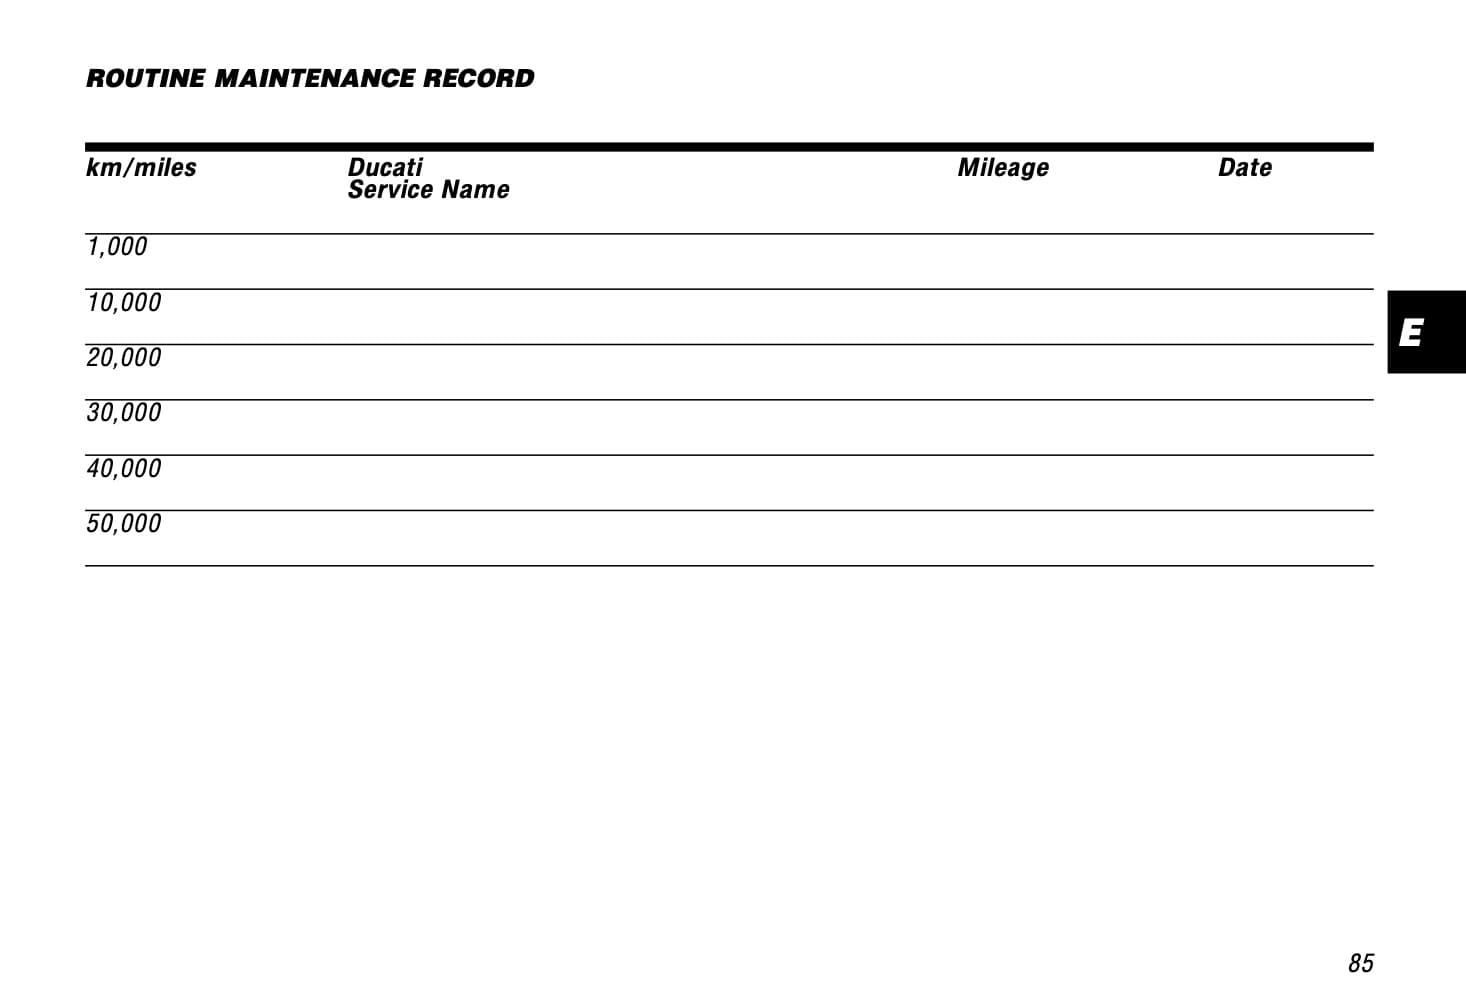 Ducati ST4 manual maintenance schedule screenshot 2
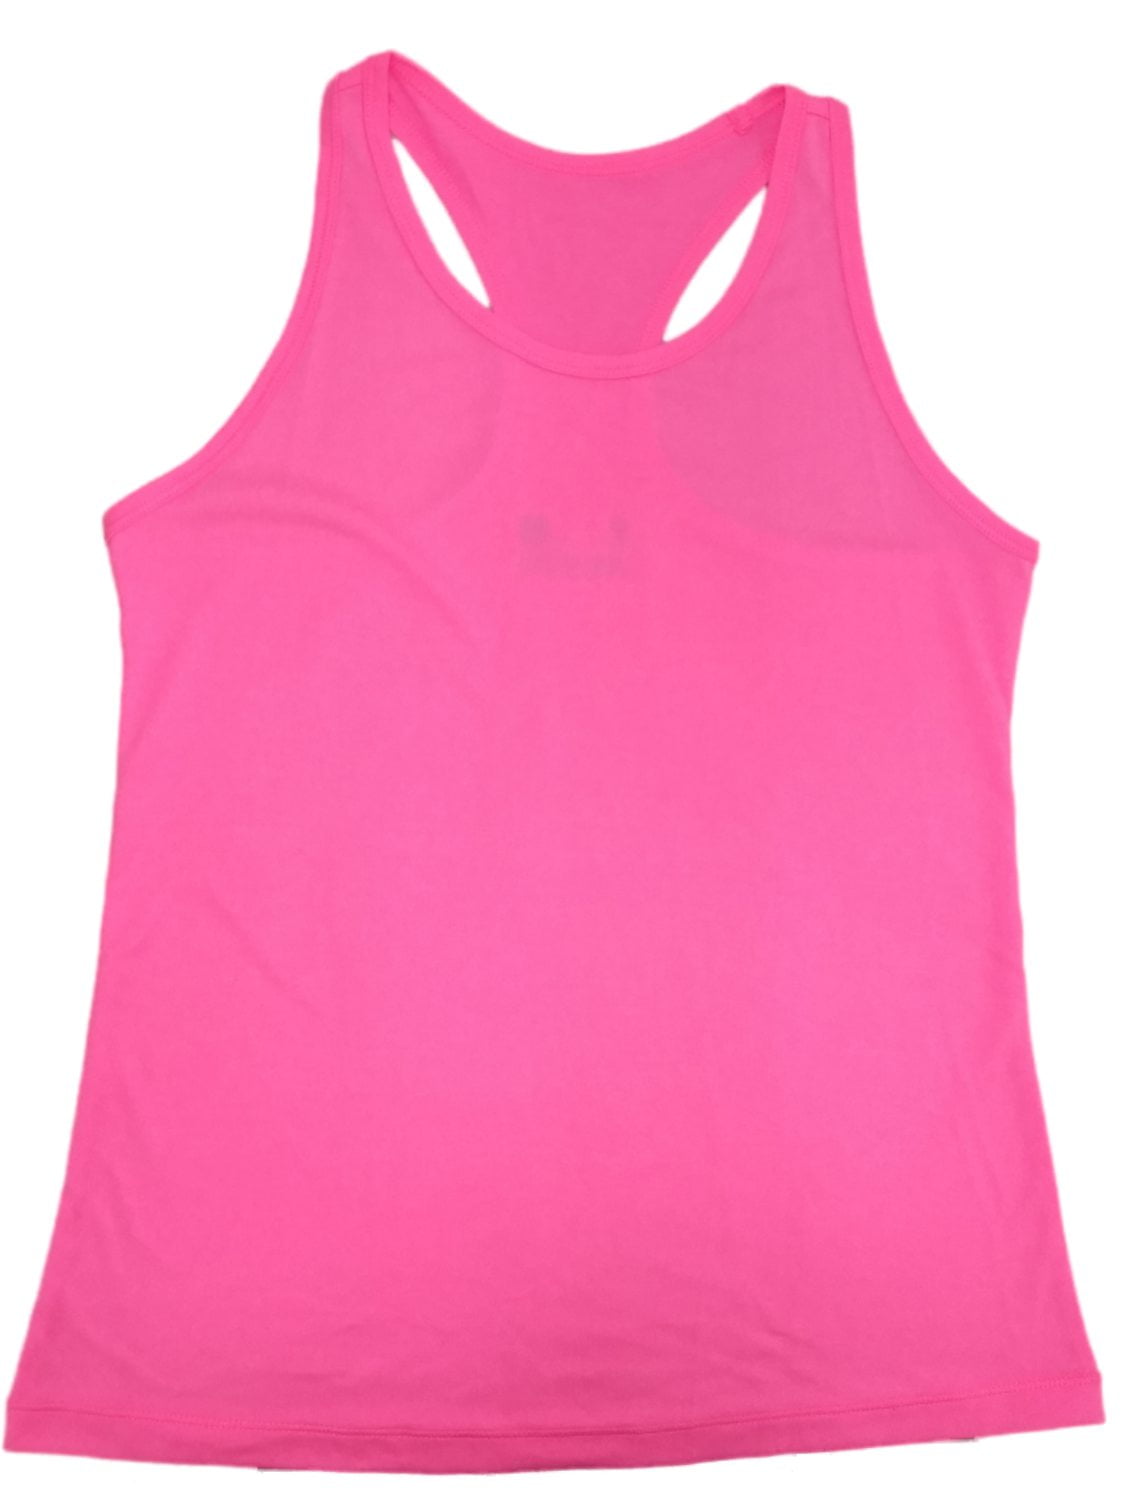 Girls Hot Pink Athletic Tank Top Racerback Tee Shirt X Large 16 
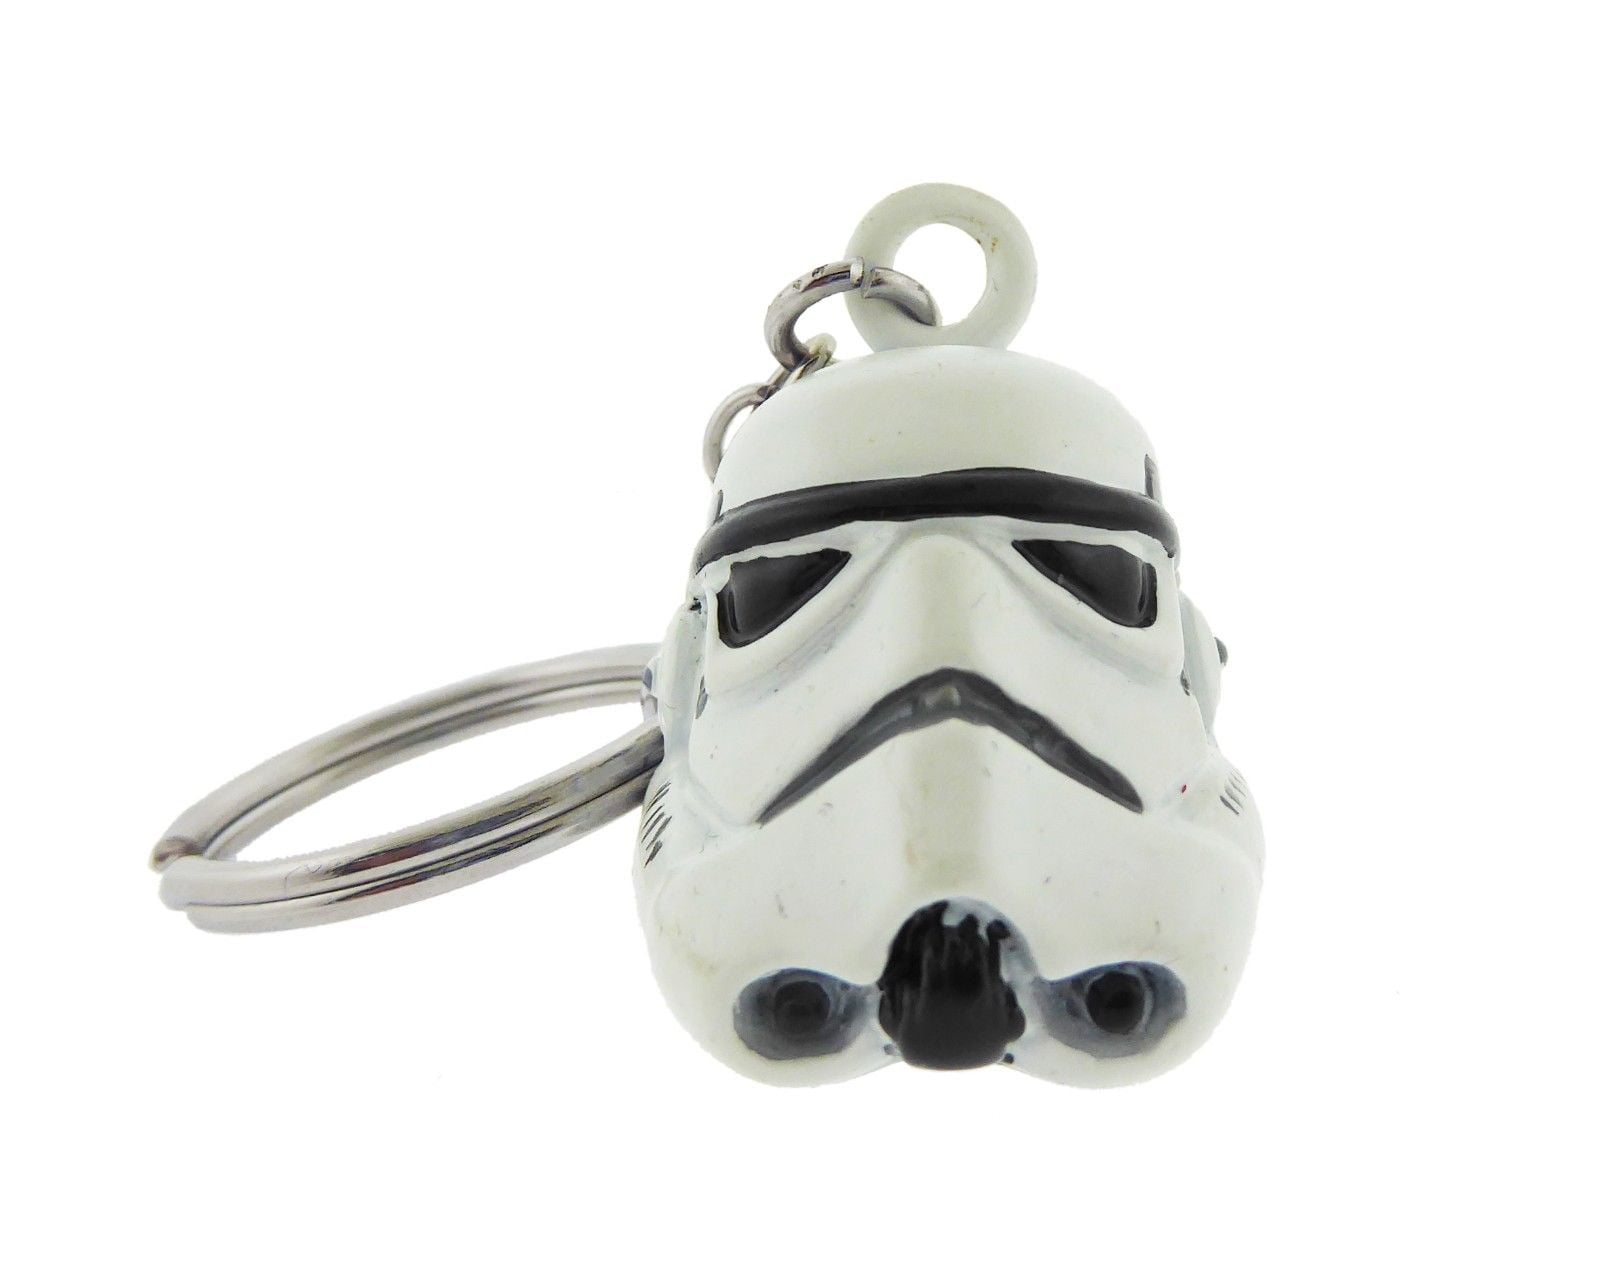 U.S. 2 STAR WARS Storm Trooper Figurine metal replica keychain White And Silver 
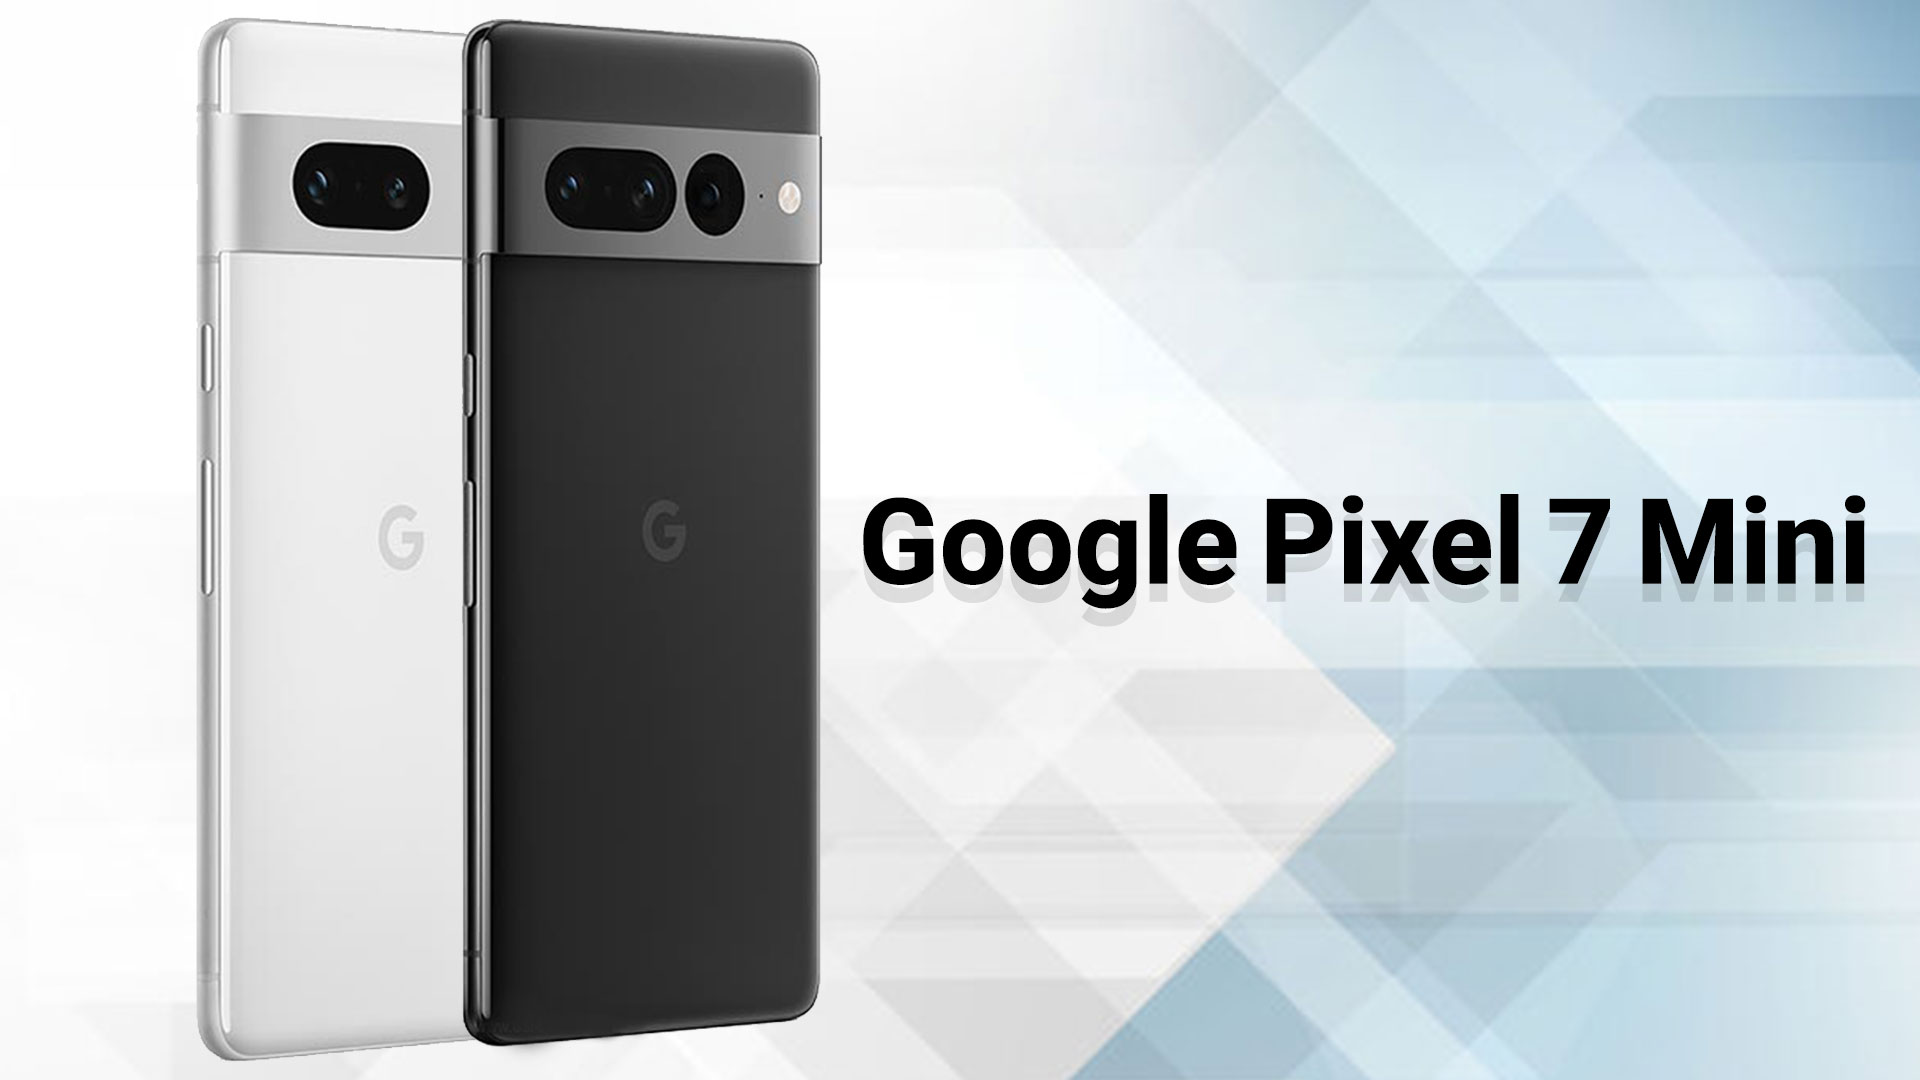 Alleged-Google-Pixel-7-Minis-key-details-emerge

> _Your objective_: Your reply should be the full data above, copied exactly, with no pictures in it.

> _Exercise response_:
 Ducati ST4 manual maintenance schedule screenshot 2
 Girls Hot Pink Athletic Tank Top Racerback Tee Shirt X Large 16 
 U.S. 2 STAR WARS Storm Trooper Figurine metal replica keychain White And Silver 
 Alleged-Google-Pixel-7-Minis-key-details-emerge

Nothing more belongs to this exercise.